This test was formatted for students at the high school level in their second year of Chinese. Based on my general observations over two days, the students’ speaking proficiency levels ranged from a Novice Low to a Novice Mid on the ACTFL proficiency scale. It was harder to assess their writing and reading proficiency. Most of them were completing their review sheets with the assistance of a textbook.
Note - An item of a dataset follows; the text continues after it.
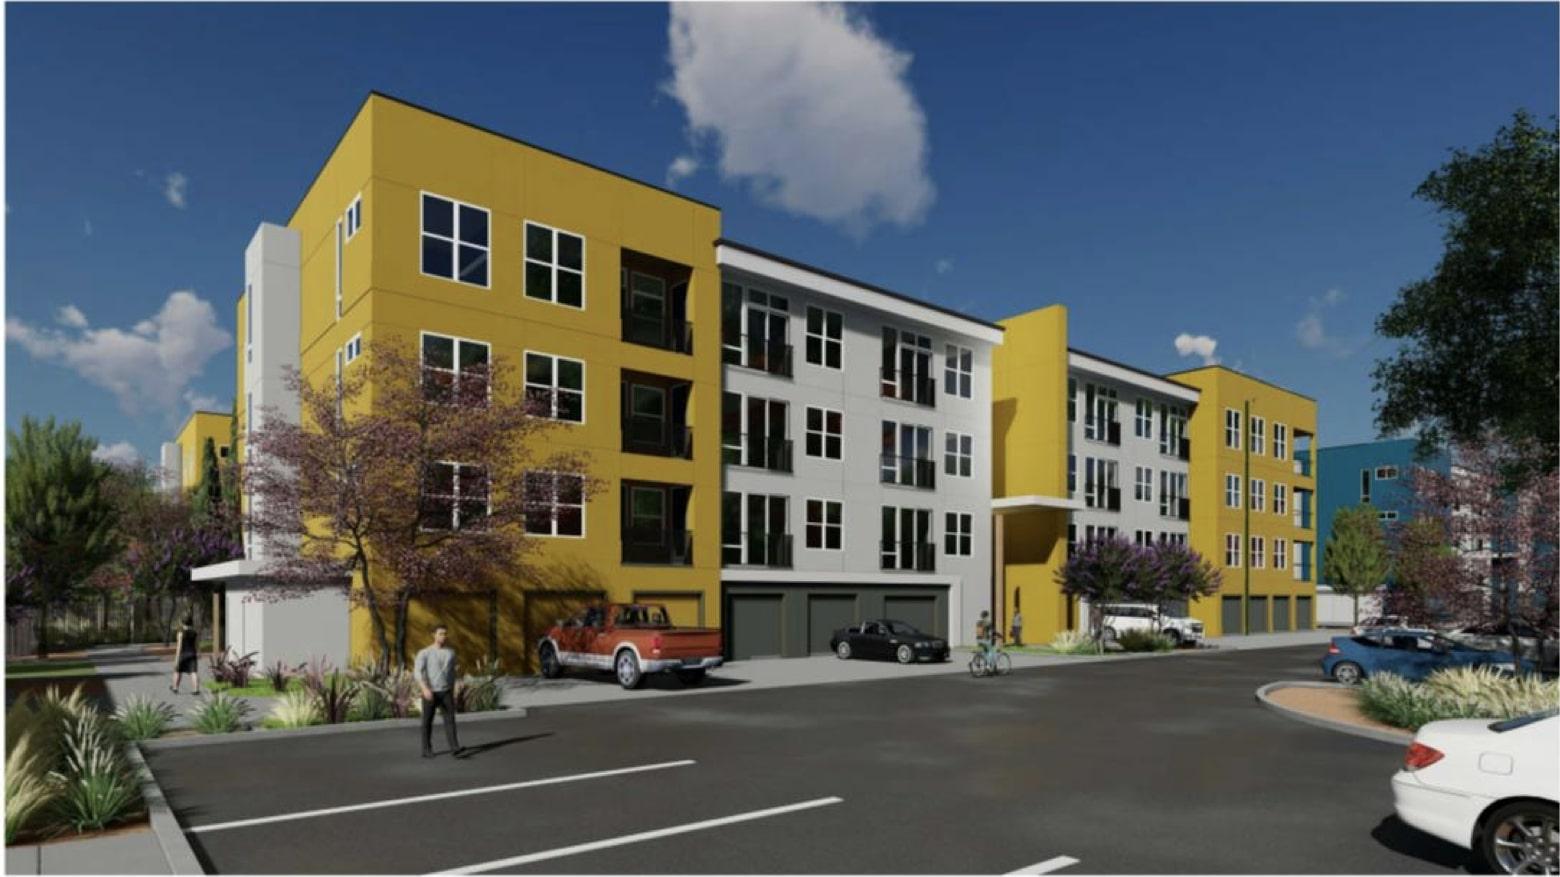 Klotz Ranch Apartments in Sacramento, rendering by Kephart Architects

This test is a summative assessment of students’ overall proficiency in two communicative modes: reading and writing. While the test content is purely weather related, it specifically assesses knowledge of vocabulary and grammar through writing and reading skills. The overall purpose of administering this type of test was to assess which skills and subskills her students have mastered and those that they have not. Mrs. Chen could use this data to evaluate what to reteach and review. The test also recycles previously tested content and thus can serve as both a review and motivating reminder to students of what they can already do.

Impact & Consequences

Washback is “the effect that tests have on learning and teaching” (Hughes, 54). For example, tests should be able to motivate students to learn and teachers to effectively teach the specific language abilities prescribed by the test construct.  However, if insufficient weight is given in the scoring of one or more of those abilities, relative to others on the test, then the test maker is not encouraging positive backwash of that particular language ability (Hughes, 54). This test emphasized vocabulary recall over grammar, and integrative reading and writing tasks. The other tasks are worth more than vocabulary items and require more time. Unit exams are weighted at 20% of the students’ overall course grade. This particular chapter exam was worth 95 points. For all of the above reasons and for timely feedback, both students and teachers should be able to clearly identify areas for improvement in learning and instruction.

Overall Design

Language Skills

This is a integrated skills test, covering grammar, vocabulary, reading and writing. Students are expected to write, translate, match vocabulary words to definitions, compose sentences, and read and answer questions about a passage in Chinese.


Specifically, this test examines students’ ability to read and write about weather conditions, and the verbs, grammar, frequency words, and timing words used to describe and compare weather in different locations.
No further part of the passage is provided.